Does anyone know what turtle brittle consists of?


----------



## kathyth (Mar 26, 2014)

I would call the supplier!!!
I would not imagine that the animals would require emergency care, but.........
I would google the normal ingredients in trout chow and turtle brittle.
Let us know!!
Good luck


----------



## HJ1983 (Mar 26, 2014)

littleginsu said:


> So I received a small bag of trout chow and turtle brittle from carolinapetsuuply.com and the cats knocked the box off the table then the dogs proceeded in tearing the box apart and I am sure everyone was in on the feasting of turtle brittle... They got into some of the trout chow but not much.
> 
> I cannot find any information on what is in turtle brittle to determine if all 8 animals need to be rushed to the vet or not... ?!?
> 
> Does anyone know what turtle brittle consists of?




I found this old thread that has some info about ingredients in turtle brittle. 

http://www.tortoiseforum.org/thread-11478.html

I'm not sure if it helps any. Maybe call a the vet and see what they recommend?


----------



## littleginsu (Mar 26, 2014)

Unfortunately, we do not have any exotic pet vets in town... So I am not sure they would even know themselves. Calling Vets in Tucson, Phoenix, et al. to see if they can triage the situation and go from there.

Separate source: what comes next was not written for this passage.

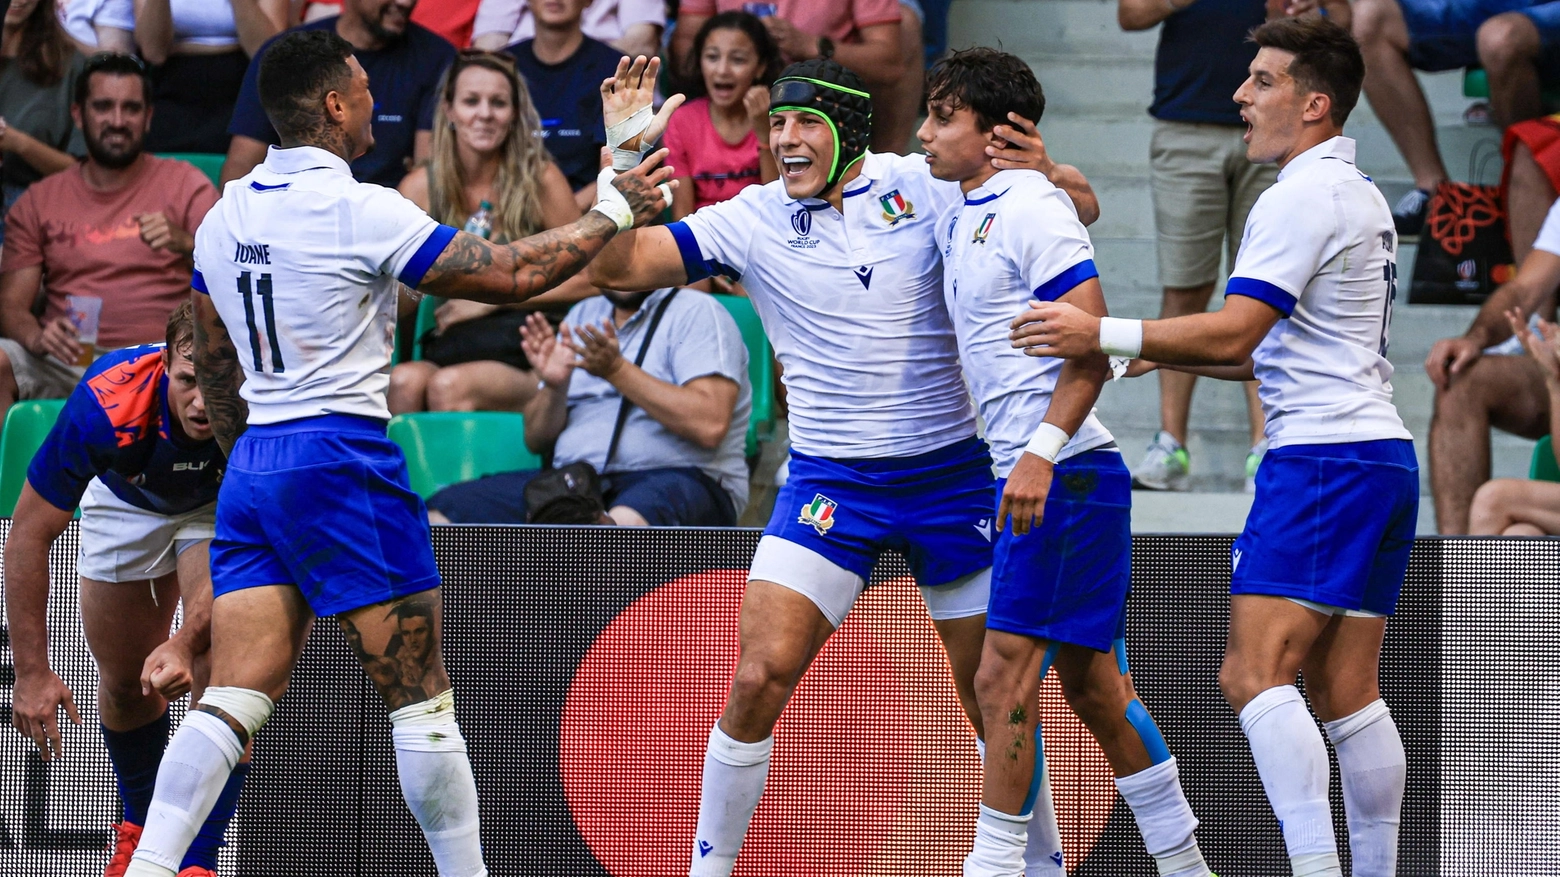 L'esultanza dell'Italia ai Mondiali di rugby (Ansa)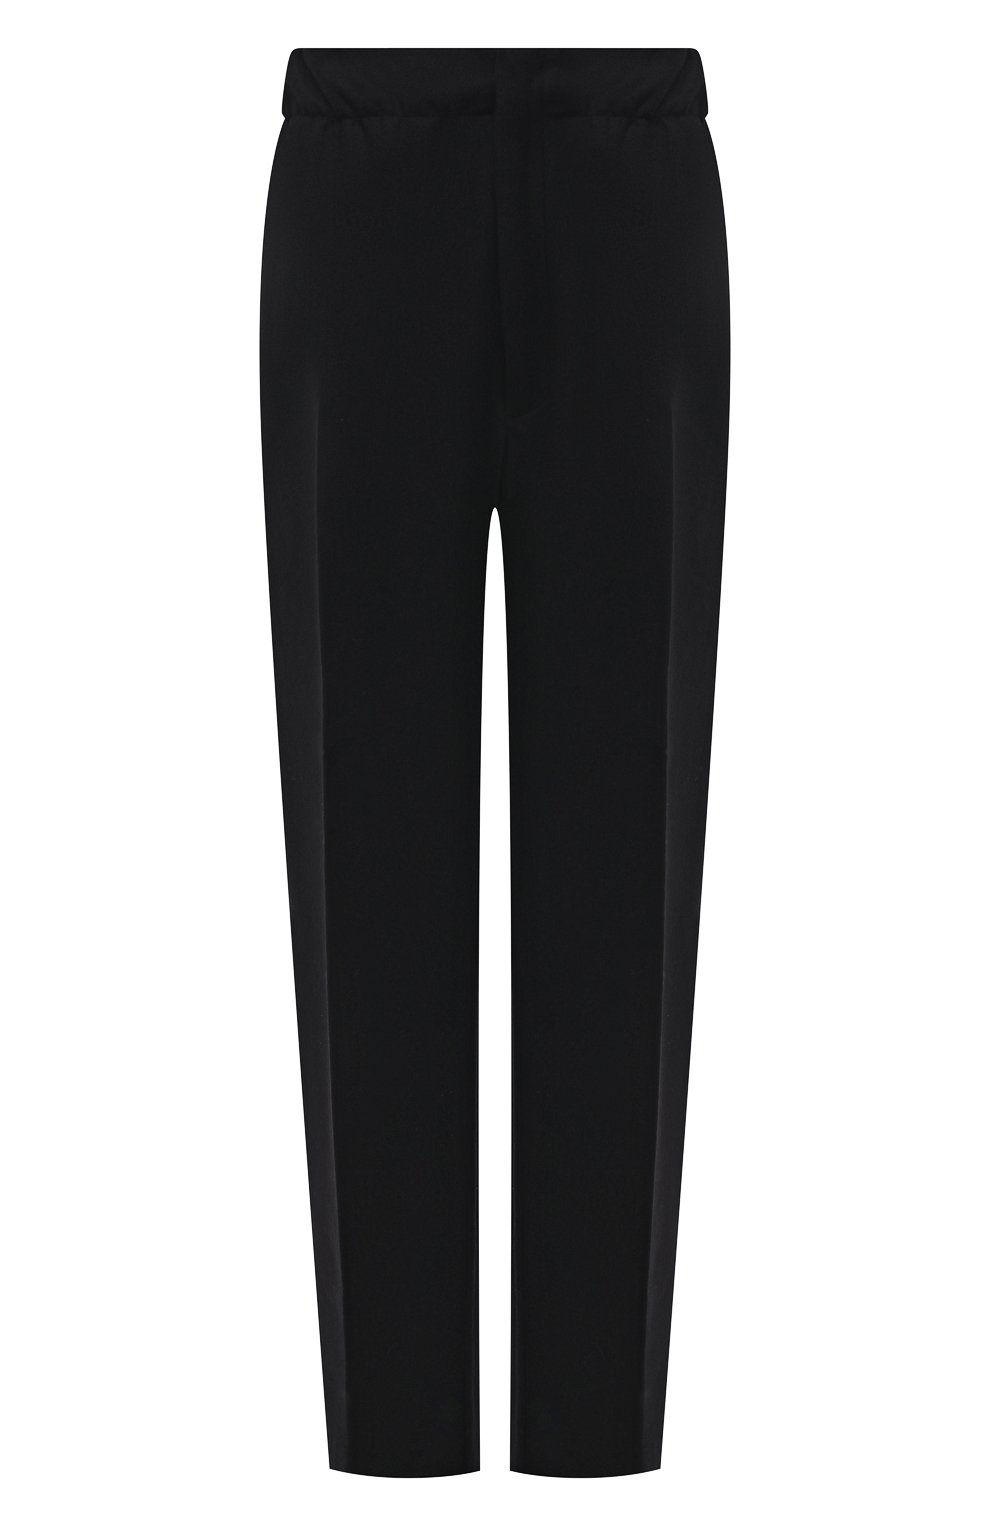 Мужские шерстяные брюки ZEGNA COUTURE черного цвета, арт. 287005/630SNX | Фото 1 (Материал внешний: Шерсть; Длина (брюки, джинсы): Стандартные; Случай: Повседневный; Стили: Минимализм, Кэжуэл)

Thank you for the link, it doesn't appear there is anything toxic in the turtle brittle... I can probably expect some diarrhea from them the next few days. I guess it is some really great stuff, too bad the turtles won't get to have a taste. UGH.


----------



## katrvt (Mar 26, 2014)

Should be fine. Maybe some gi upset if anything. Make sure they have enough water access in case the salt content was more than minimal


----------



## HJ1983 (Mar 26, 2014)

I'm no expert but if you think about cats and turtles in a "wild" setting I think their diets are probably very similar. Your cats might be ok. Maybe not even have diarrhea. I hope everything turns out to be ok.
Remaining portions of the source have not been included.